[records] updates for Preview 9. hashCode
John Rose
john.r.rose at oracle.com
Tue Jan 14 23:35:22 UTC 2020
On Jan 14, 2020, at 3:05 PM, Brian Goetz <brian.goetz at oracle.com> wrote:
>
>
>>
>> This is almost OT but it's a question I was asked for twice,
>> what is the rational to use the angle bracket instead of the parenthesis ?
>
> I surveyed a variety of implementations of toString(), and picked what seemed most common, which was some variant of:
>
> Type[v=vVal, u=uVal]
>
> Which was good enough. Yes, we could bikeshed it, but I'm not particularly seeing a problem that needs to be fixed, and it doens't seem obvious to me that highlighting the record-ness of it is important at toString-time?

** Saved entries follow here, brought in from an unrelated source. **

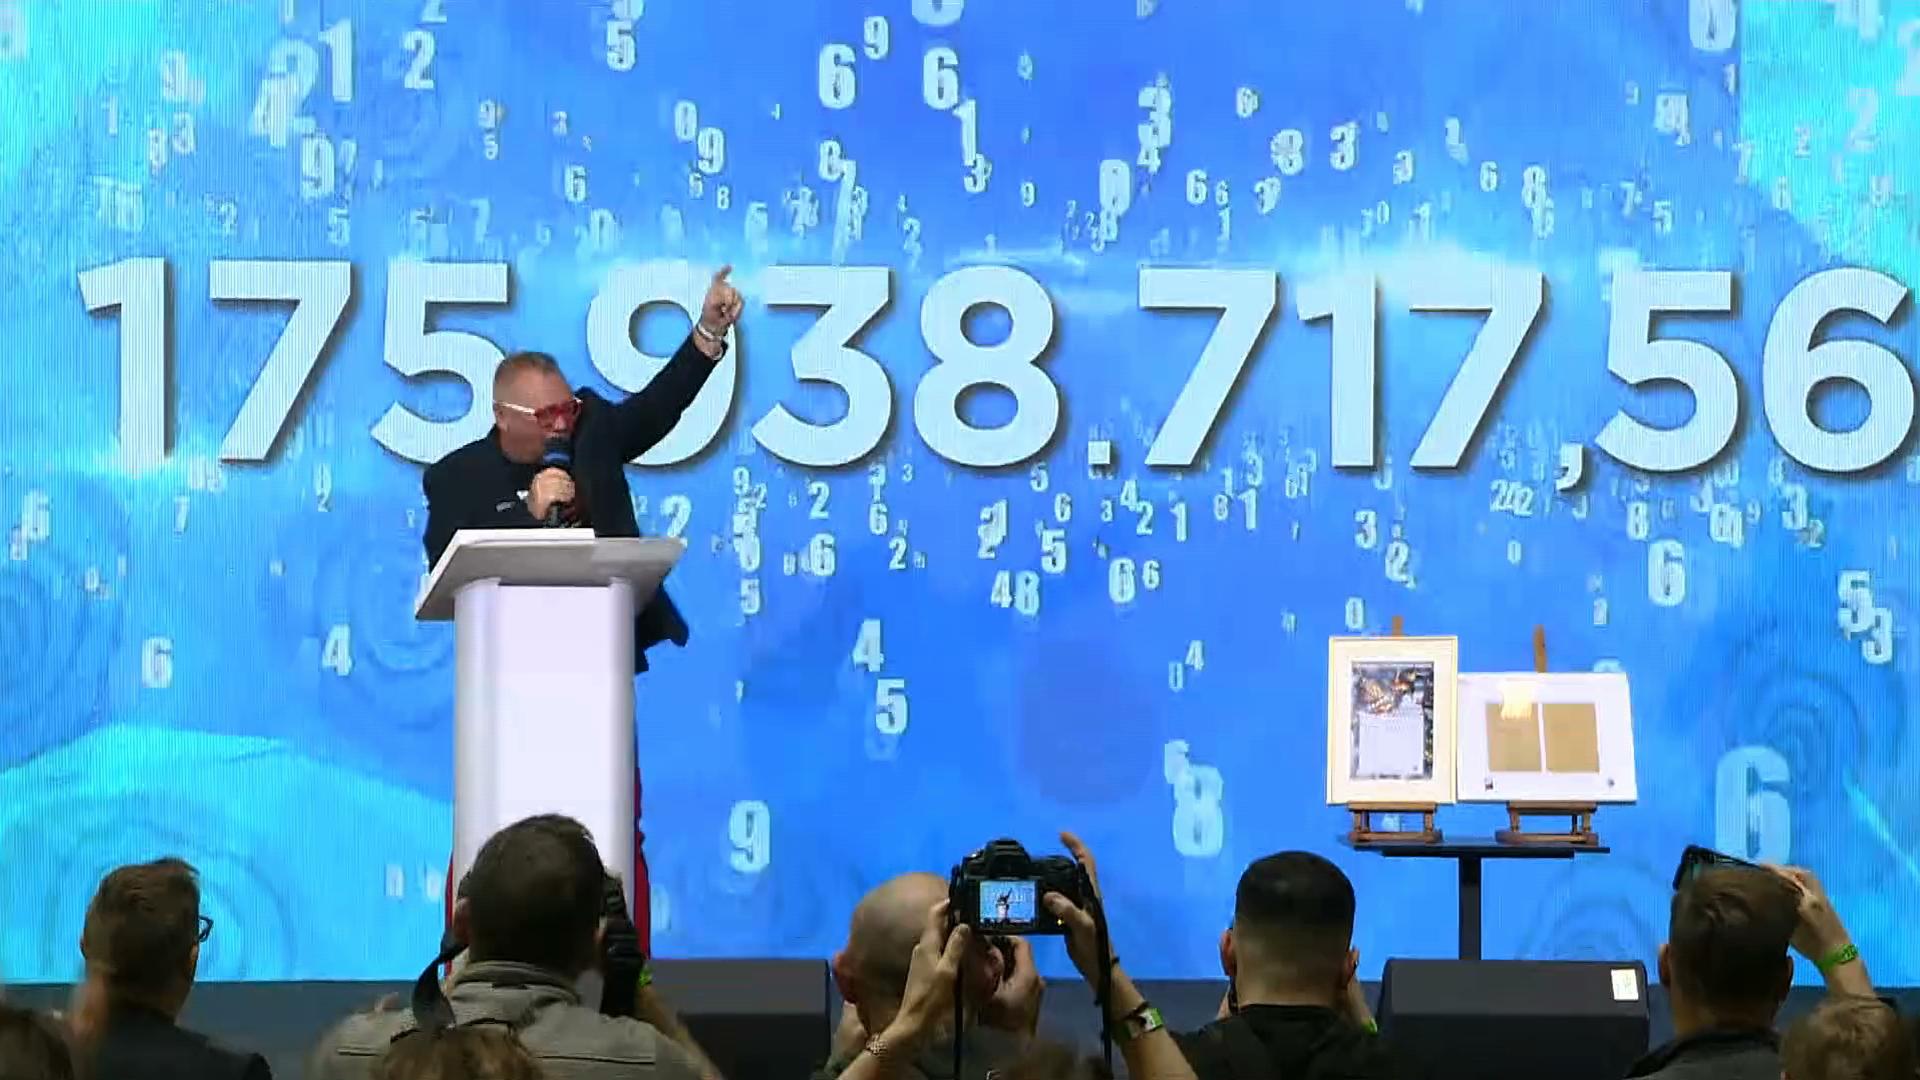 Kolejny rekord. 27. finał WOŚP to prawie 176 milionów złotych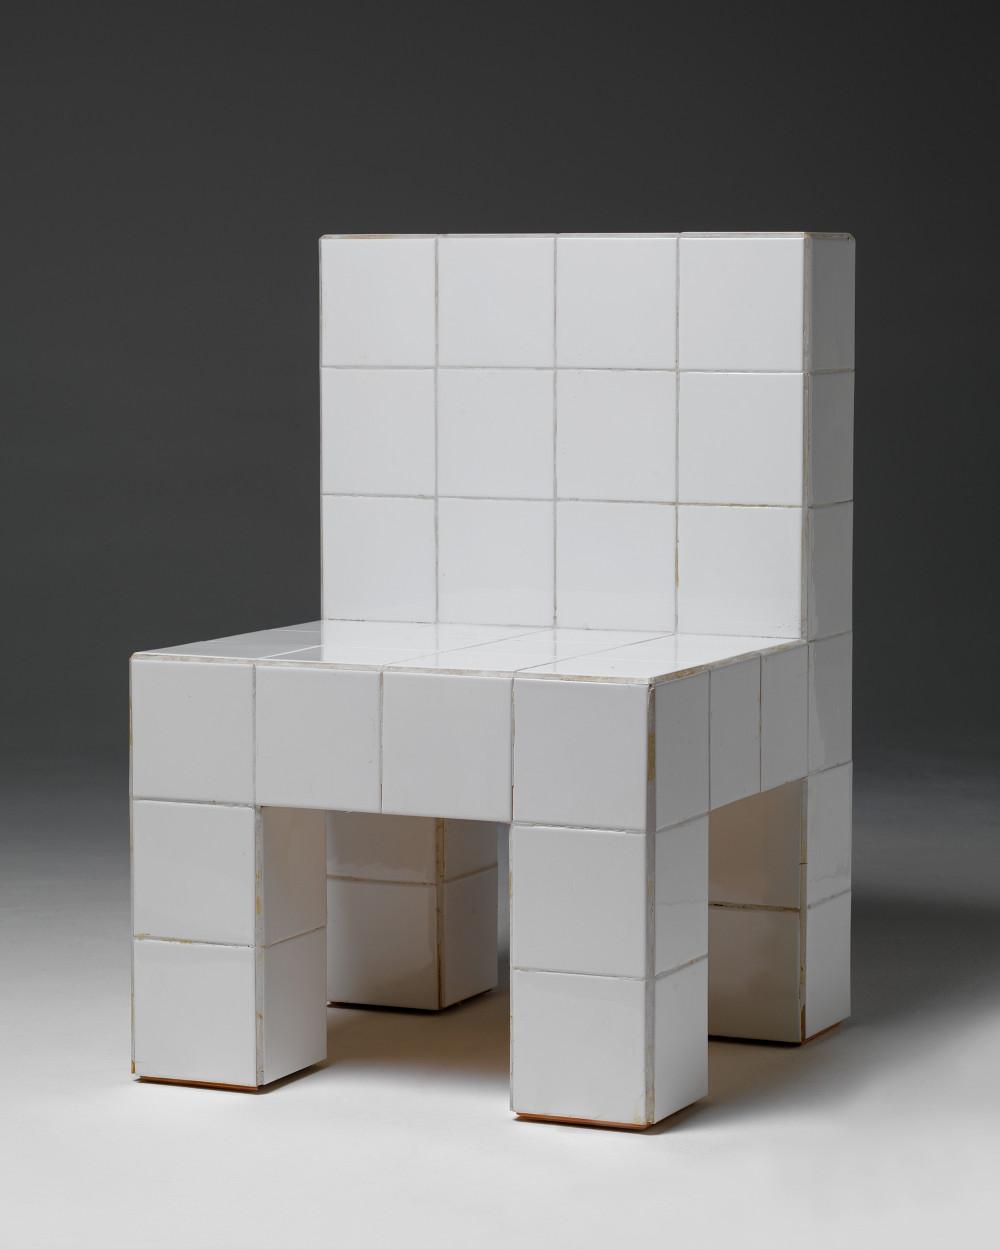 Chaise à carreaux de faience blanc, Biennale de Venise, Italie, 1972© Hans Hollein© Centre Pompidou, MNAM-CCI/Georges Meguerditchian/Dist. RMN-GP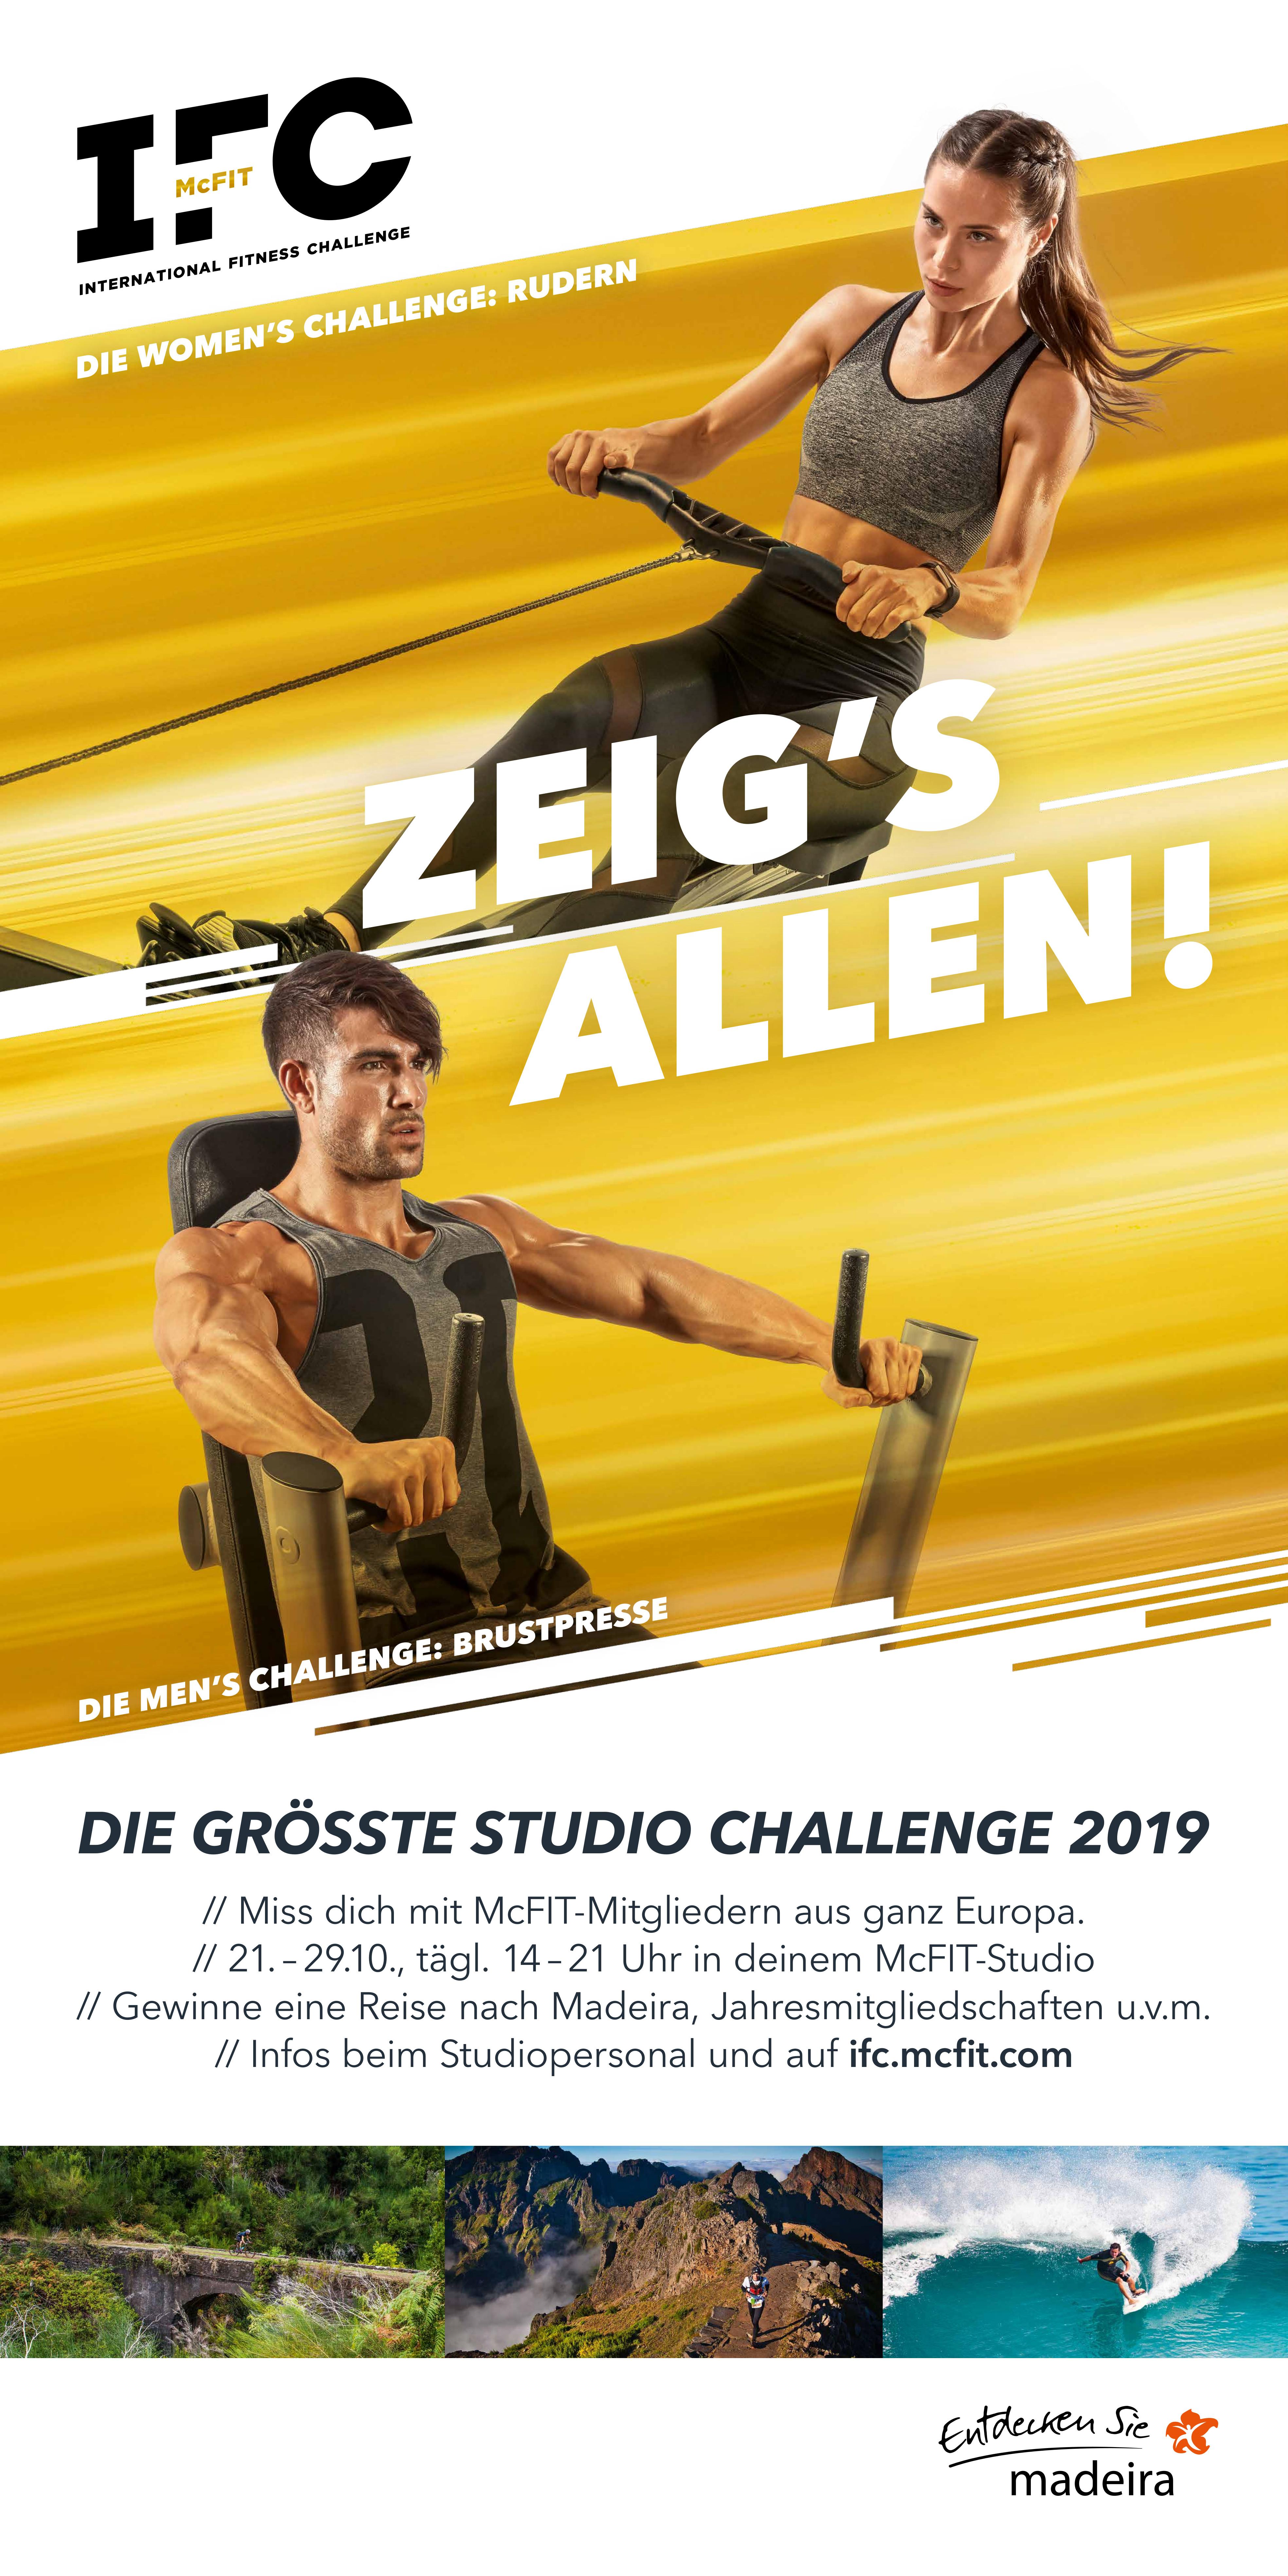 McFIT startet die IFC 2019 – Europas größte Studio Challenge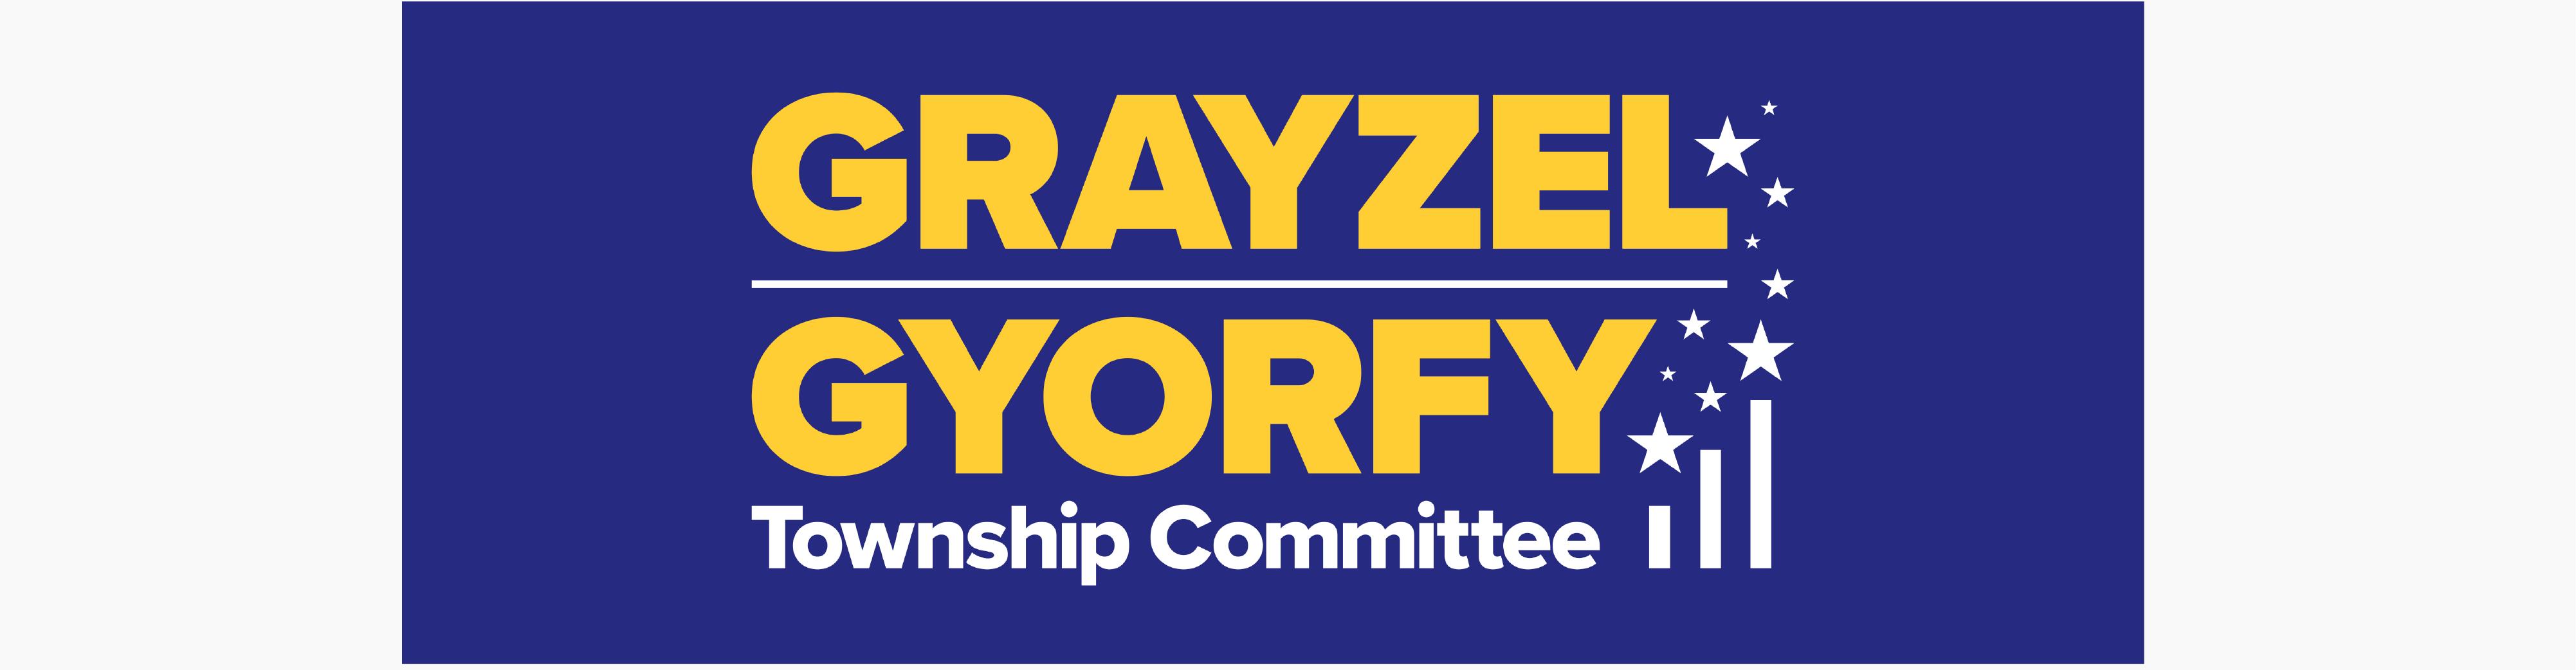 Jeff Grayzel, Mark Gyorfy

It's the state that matters.
In practice record-ness will be clear at a glance from the class name.
I see no downsides to the existing syntax and am (like Brian) uninterested
in exploring alternatives to this particular punctuation polarity.
— John
P.S. …OK, in the interests of defending this position FTR, here’s
some additional rationale. This is not intended as an invitation to
explore other designs which might have better rationales!
A record is, first of all, a tuple, with an immediate proviso that it’s
nominal, having a named type and named components. As a tuple
it’s sequential and heterogeneous. As a nominal entity its components
are keyed, allowing strongly type access. It is not indexed like a
homogeneous entity.
Lists, arrays, and sets print with square brackets, and records like them
are sequential data structures (though heterogeneous), so they too print
with square brackets.
Unlike lists and arrays, the nominal information is added as decorations.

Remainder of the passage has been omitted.